Finding the Centre and Radius of Convergence of Power Series: Explained

[MissP.25_5]

Hello.
I need someone to explain to me how to find the centre and radius of convergence of power series.
I got the working and the answers but there are some things I don't understand.
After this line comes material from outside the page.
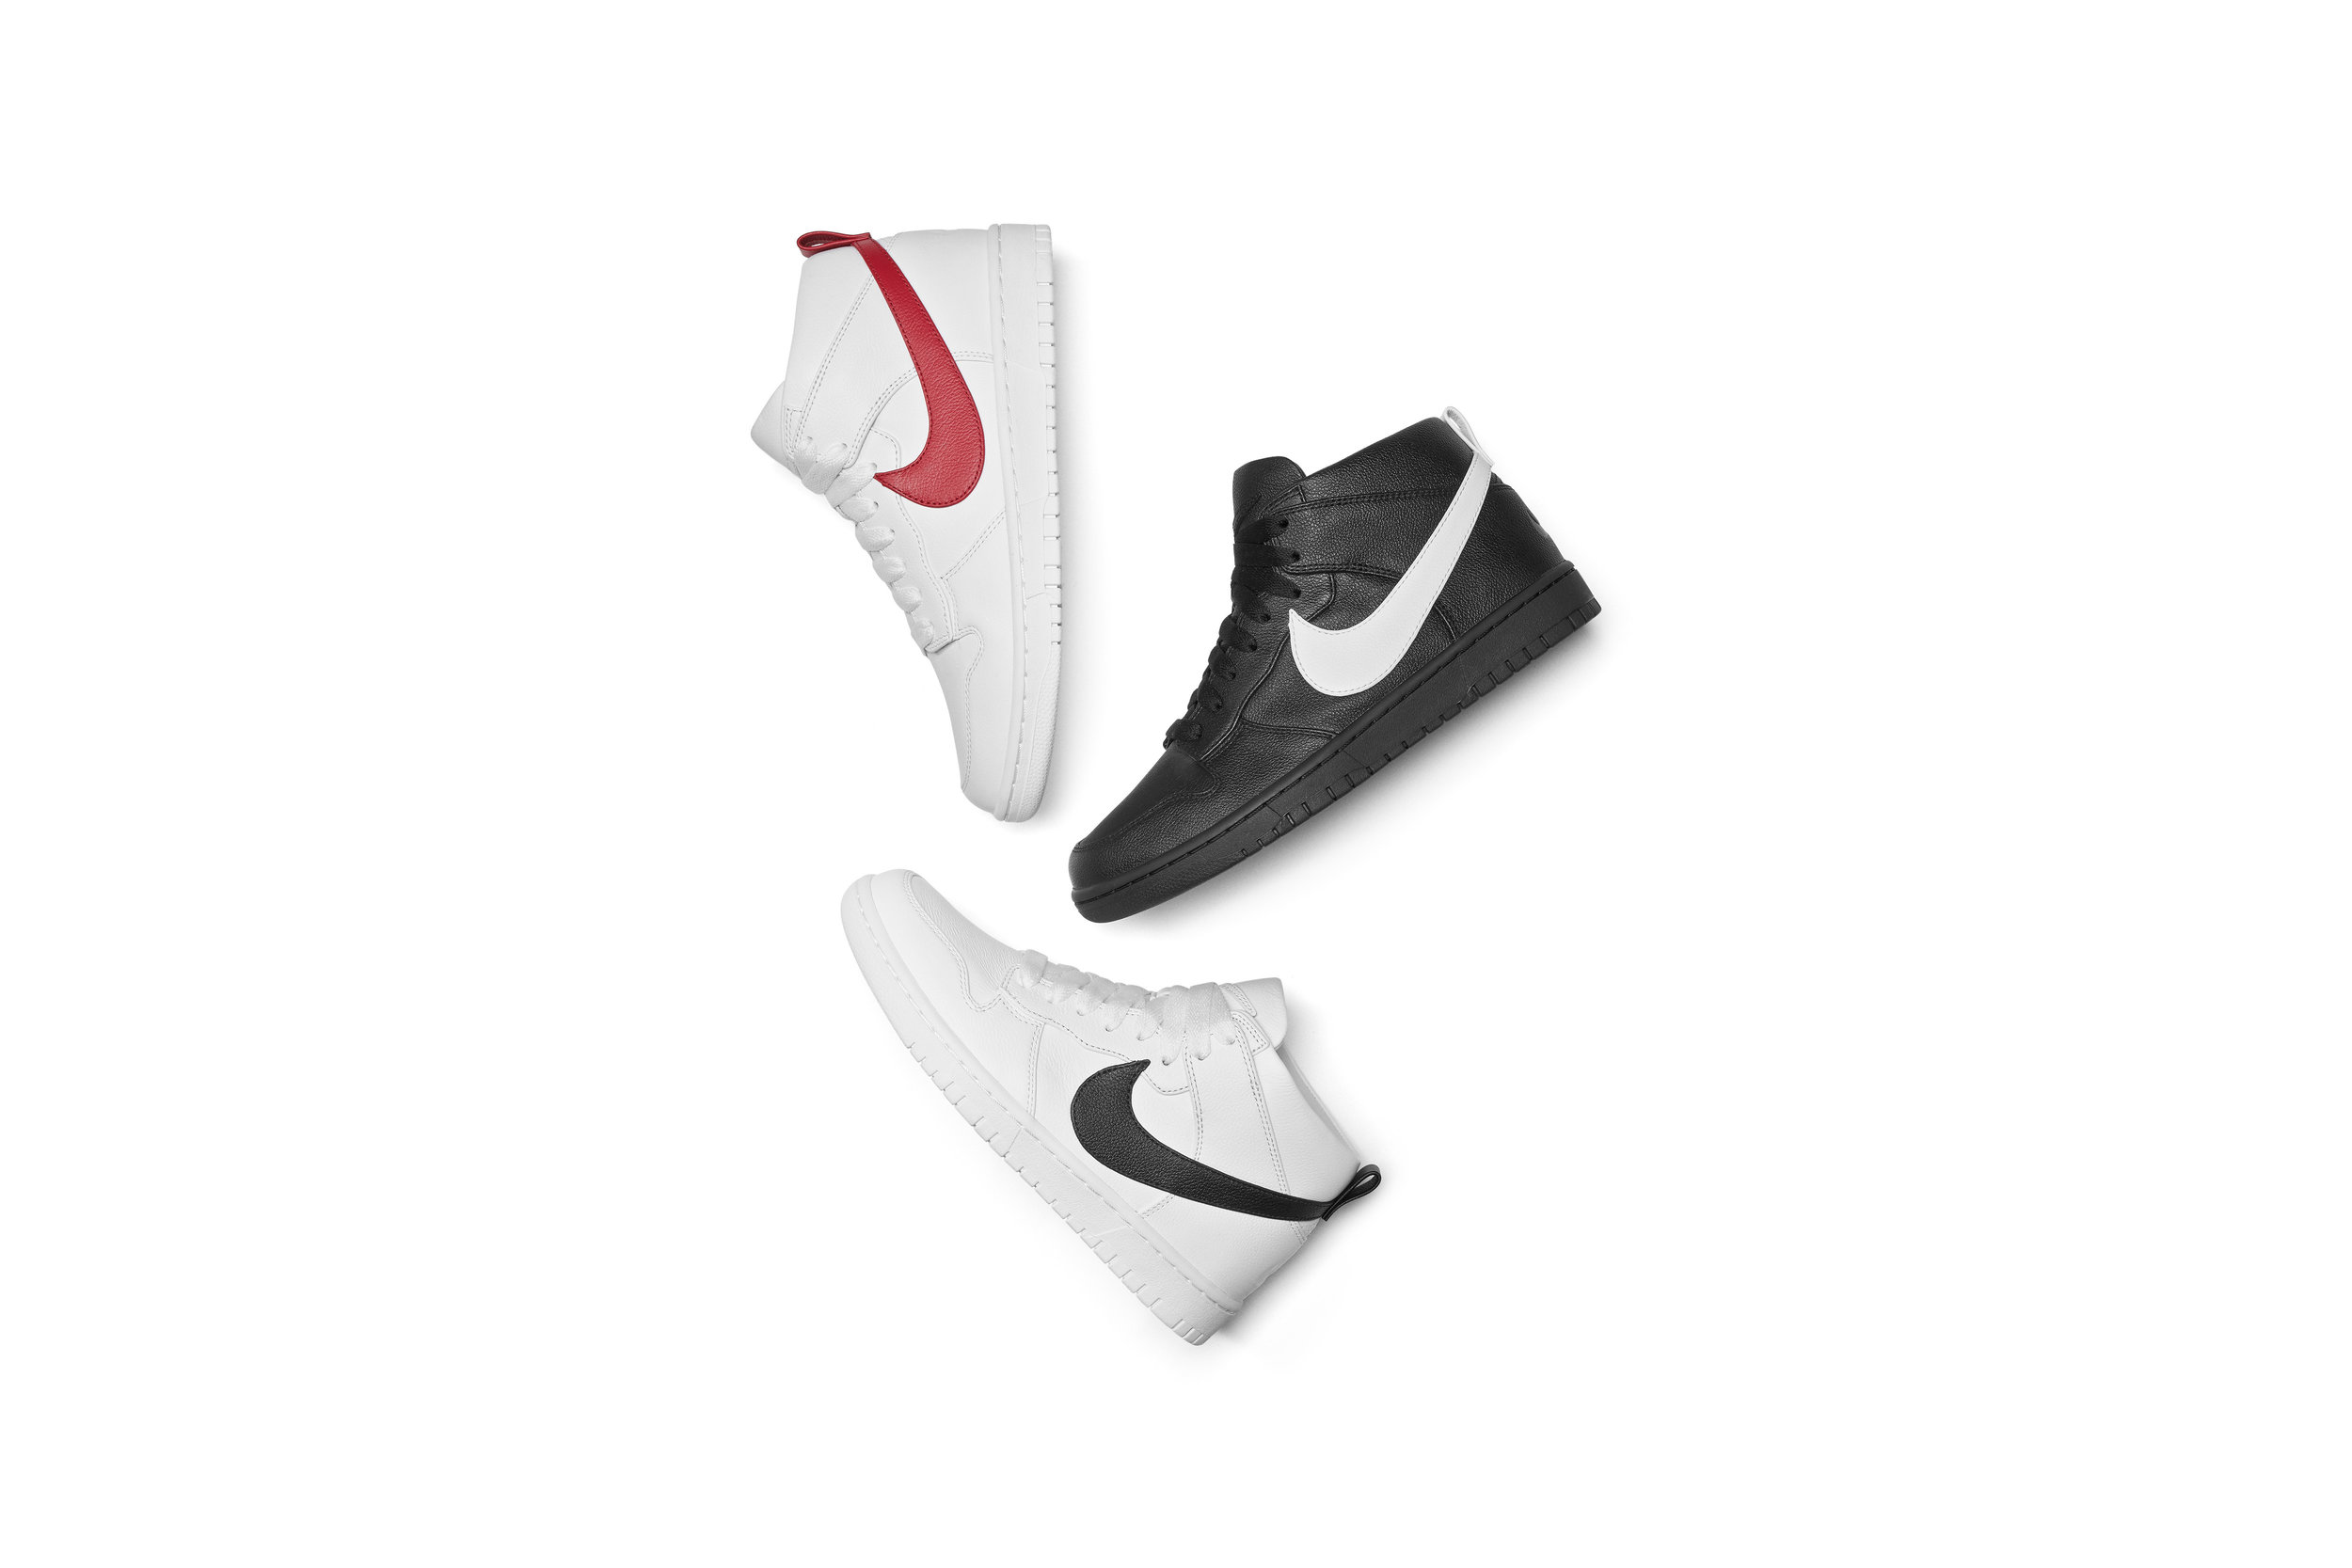 NikeLab_Dunk_Lux_Chukka_RT_7_65806.jpg

$$\sum_{n=0}^{\infty}\frac{(4i)^n(z-i)^n}{(n+1)(n+2)}$$

Using the ratio test, we got
$$\lim_{{n}\to{\infty}} \frac{4i(z-i)(n+1)}{n+3}$$=4i(z-i)
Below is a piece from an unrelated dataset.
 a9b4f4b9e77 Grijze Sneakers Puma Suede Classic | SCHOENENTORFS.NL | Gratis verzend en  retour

Ok, in this part, why is the limit 4i(z-i)? Don't we have to divide all the terms by n?

And the final answer is: $$R=1/4, z=i$$

Why does the centre become i?

 

[Quesadilla]

A power series expansion is an infinite series
\begin{equation*}
\sum_{n=0}^{\infty} a_n (z-c)^n,
\end{equation*}
where ##a_n## are coefficients and ##c \in \mathbb{C}## is the center (the point we are expanding about).
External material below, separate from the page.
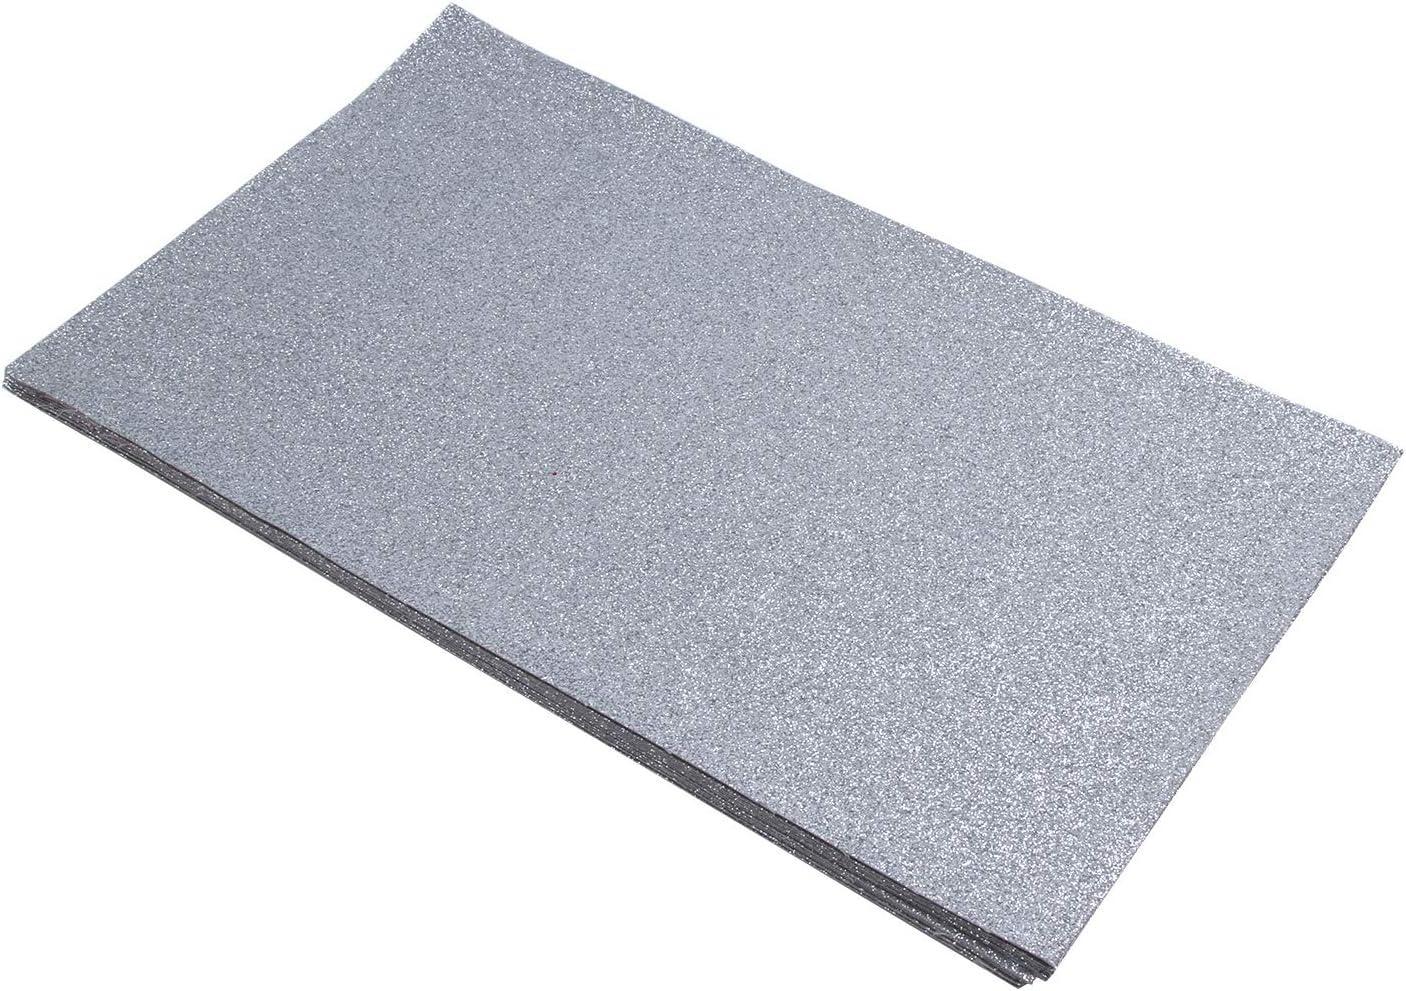 Shine Glitter Sheet Fabrics Back Stiff DIY Pack New York Mall 12 x13 8 Max 90% OFF I Craft

I think you can figure out why
\begin{equation*}
\lim_{n \rightarrow \infty} \frac{4i(z-i)(n+1)}{n+3} = 4i(z-i).
\end{equation*}
The easiest might be to substitute ##k = f(n)##, for some well-chosen function ##f##.

 

[HallsofIvy]

Hello.
I need someone to explain to me how to find the centre and radius of convergence of power series.
I got the working and the answers but there are some things I don't understand.

$$\sum_{n=0}^{\infty}\frac{(4i)^n(z-i)^n}{(n+1)(n+2)}$$

Using the ratio test, we got
$$\lim_{{n}\to{\infty}} \frac{4i(z-i)(n+1)}{n+3}$$=4i(z-i)

This is incorrect. The "ratio test" only applies to series of non-negative real numbers. In order to apply the ratio test to more general series, you must take the absolute value
[tex]\lim{m\to\infty} \frac{4|z- i|(n+1)}{n+ 3}= 4|z- i|\lim_{n\to\infty} \frac{n+1}{n+ 3}[/tex].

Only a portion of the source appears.